Литмир - Электронная Библиотека
A
A

Когда, спускаясь по лестнице, я попросил назвать мне номер, под которым значились жилые фургоны, мужчина с перстнем засмеялся и, оборотясь к пострадавшему, крикнул ему что-то, прозвучавшее приказом. Когда он вновь повернулся ко мне и сказал: «От сорокового до пятьдесят второго», — и при этом с довольным видом развел руками, — я впервые почувствовал его откровенный отпор. «Много адреса, — проговорил он, — много, почти пятьсот метров». Я спросил, проживает ли господин Юцкек здесь постоянно. Он отвечал намеками, скрывая свою неприязнь показной оживленностью: «Работа, много работы, всюду много работы. Сегодня господин Юцкек здесь, завтра господин Юцкек там», — и показал жестами в разные стороны.

Хотя я попрощался, он последовал за мной. Молча проводив меня до дороги, он подошел к машине, провел рукой по вмятинам, образовавшимся от столкновения с легким телом Юцкека, поднял капот, удостоверился, что замок капота вышел из строя. Стало ему от этого легче? Меня не оставляет чувство, что ему, которому вся история должна бы быть безразлична, после осмотра поврежденного автомобиля полегчало. Он задумчиво потер ладонью мясистый подбородок, затем широким большим пальцем провел по низко спускающимся бачкам. Не собираюсь ли я обратиться в страховое общество? Я дал ему понять, что мне ничего другого, наверное, не остается, после чего он во второй раз начал обстоятельно осматривать повреждения и, к моему удивлению, назвал ориентировочную сумму, размер которой был лишь незначительно ниже названной таксистами: семьсот пятьдесят. Когда, сев в машину, я опустил оконное стекло, он ухмыльнулся, заговорщицки мне подмигнул, дождался, пока я включу мотор, и вдруг протянул мне руку, сжатую в кулак. «На ремонт, — сказал он. — Господину Юцкеку нужен сейчас покой».

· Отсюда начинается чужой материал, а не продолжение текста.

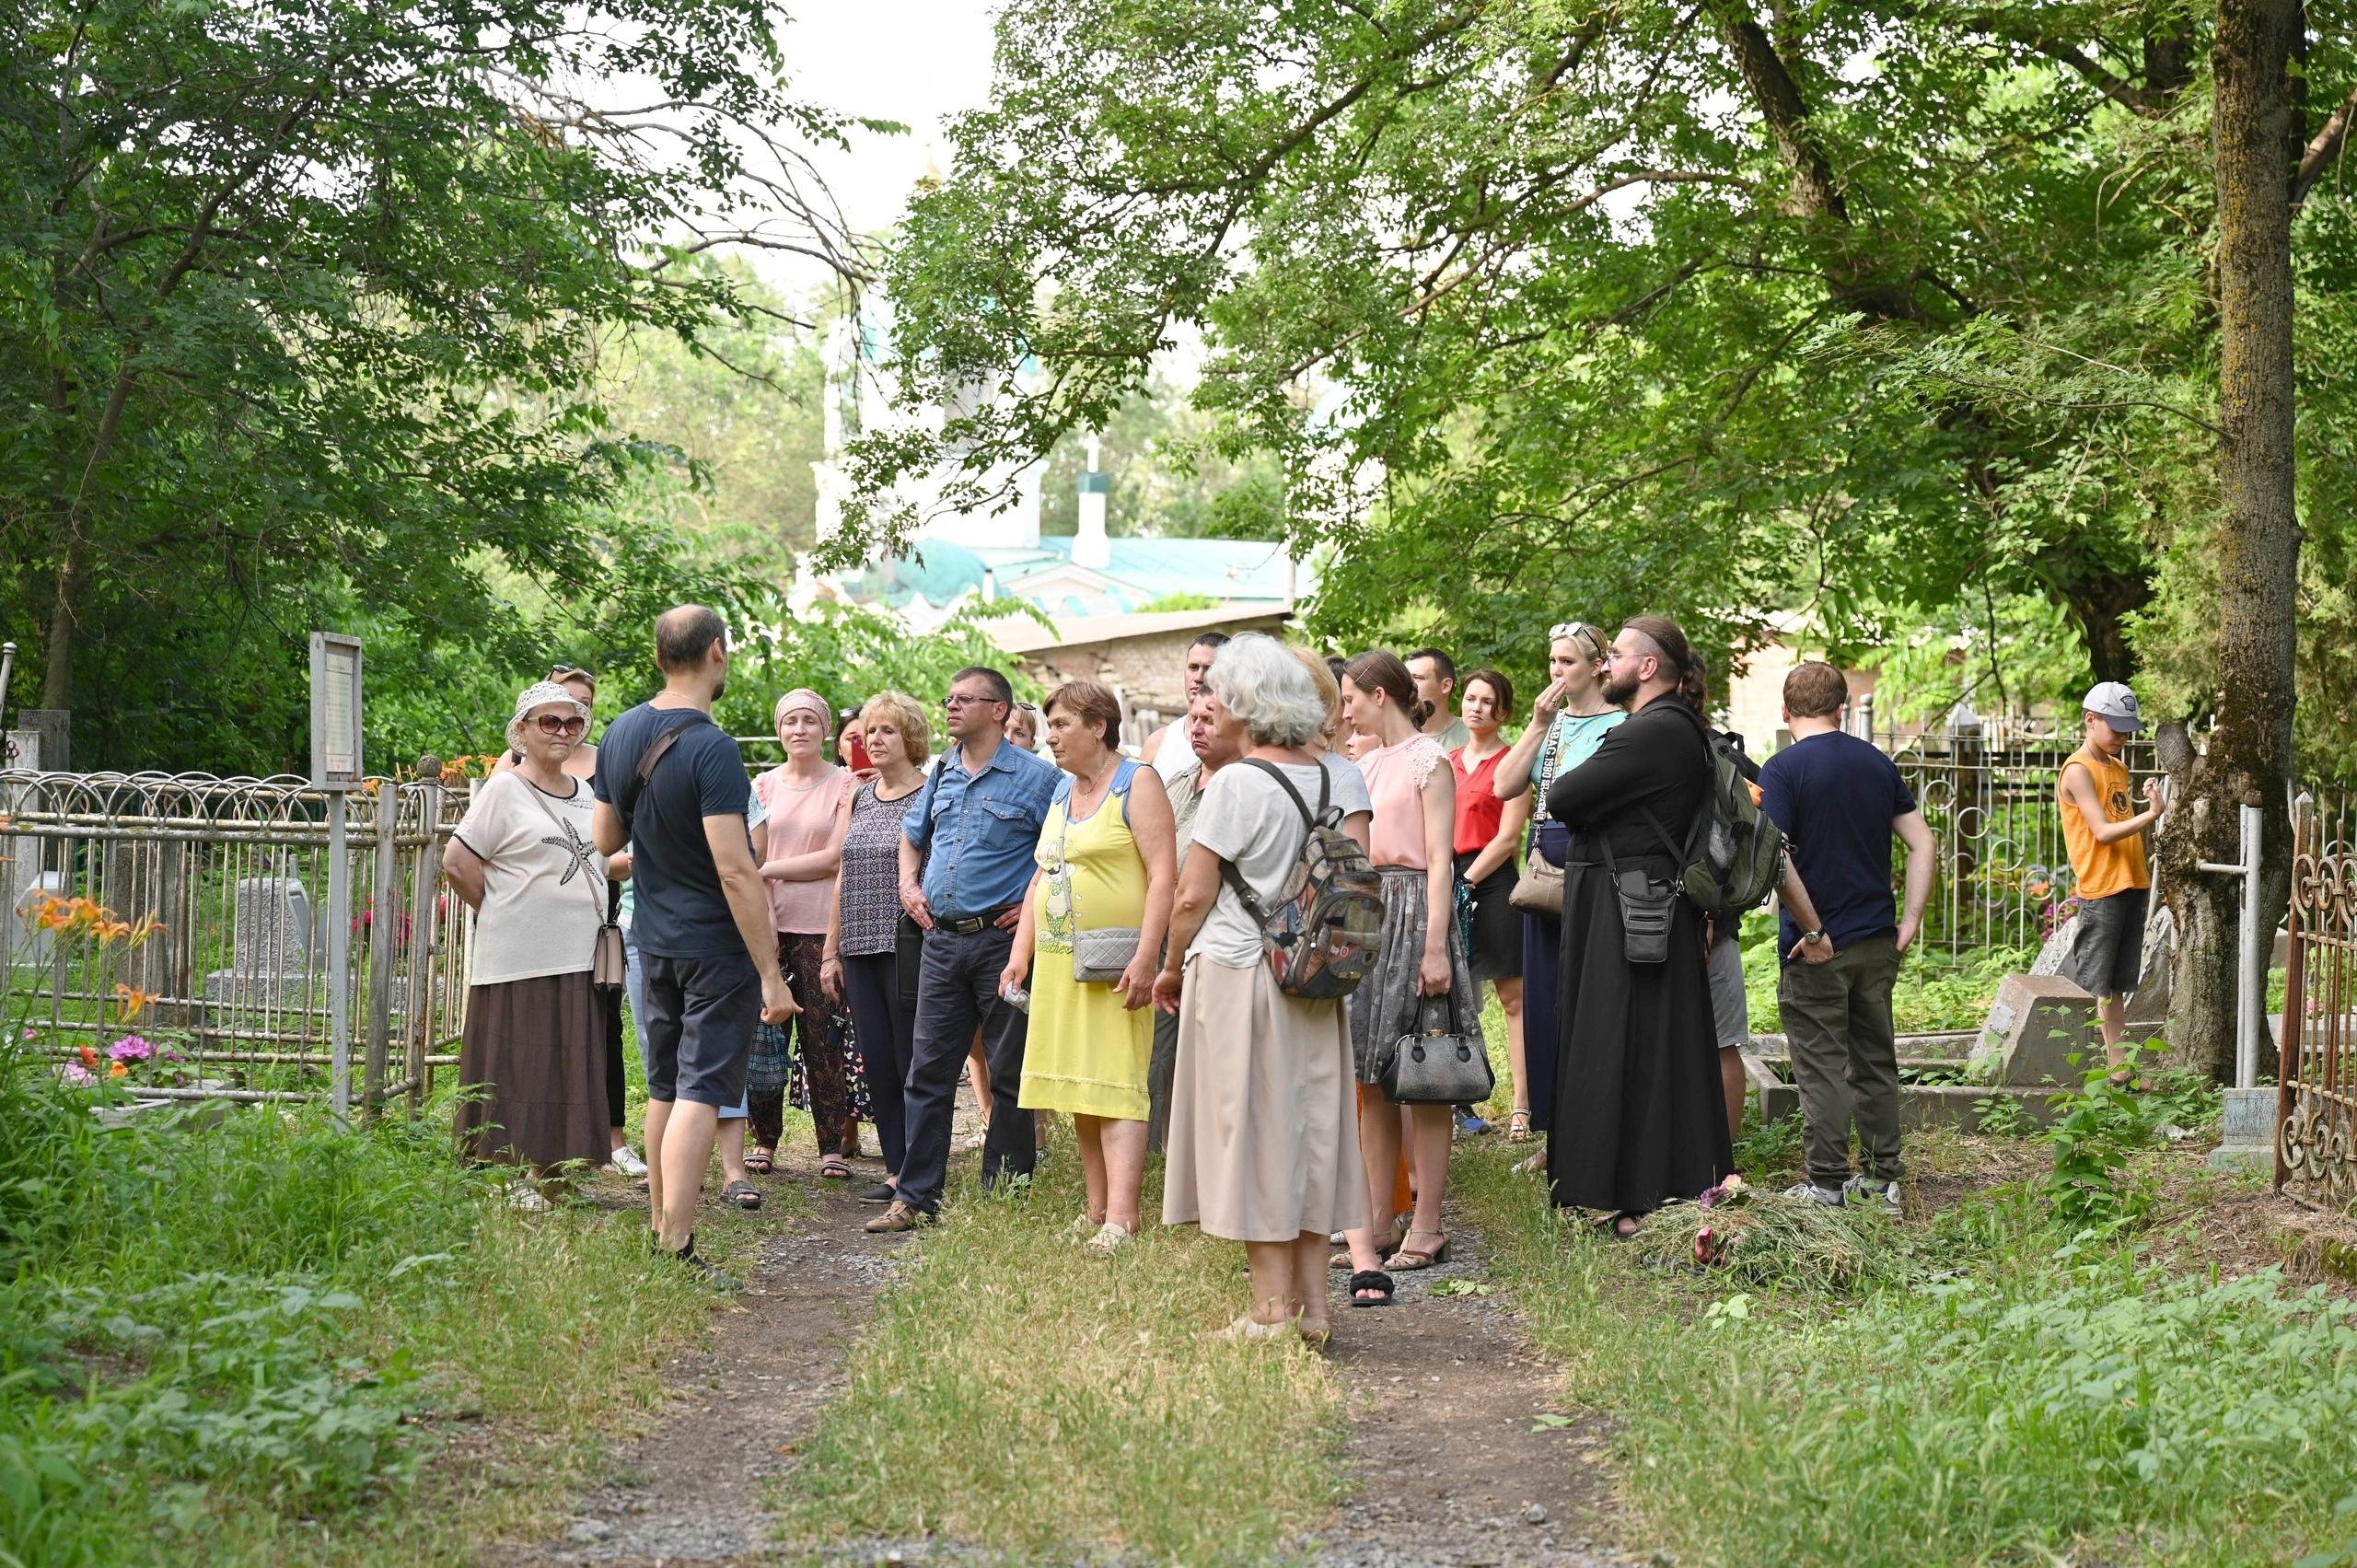 Экскурсия по старому кладбищу Таганрога, президентский грант

Я хотел выйти, но он, подняв меховой воротник, уже уходил прочь, ни за что не желая обернуться, словно оставил позади нечто страшное.

Он исчез за забором, я в своей руке разглядел деньги, сосчитал их — сумма была в точности такой, какую он назвал, — помедлил, ожидая чего-то, хотя и сам не знал чего, и, прежде чем отправиться в школу, сдал машину в ремонт.

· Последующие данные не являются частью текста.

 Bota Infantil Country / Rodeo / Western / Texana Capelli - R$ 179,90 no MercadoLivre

В учительской уже, разумеется, сидел Зеевальд, словно ждал меня, Зеевальд с красным лицом, с непомерным животом, который, возможно, доходил бы ему до коленей, не удерживай он его специальными широкими ремнями. «Уже слыхал, — сказал он, — давай-ка расскажи». Он предложил мне чаю из своего термоса, вернее, навязал силой, будто хотел завоевать право узнать каждую подробность происшествия. Зеевальд при любой возможности превозносил свой опыт, приобретя который он понял, что ничего в мире не ново. Все, что с нами случается или происходит, утверждал он, случалось или происходило с другими, набор наших переживаний и конфликтов раз и навсегда исчерпан, любая ситуация, которая покажется необычной, на поверку не более чем вторая заварка.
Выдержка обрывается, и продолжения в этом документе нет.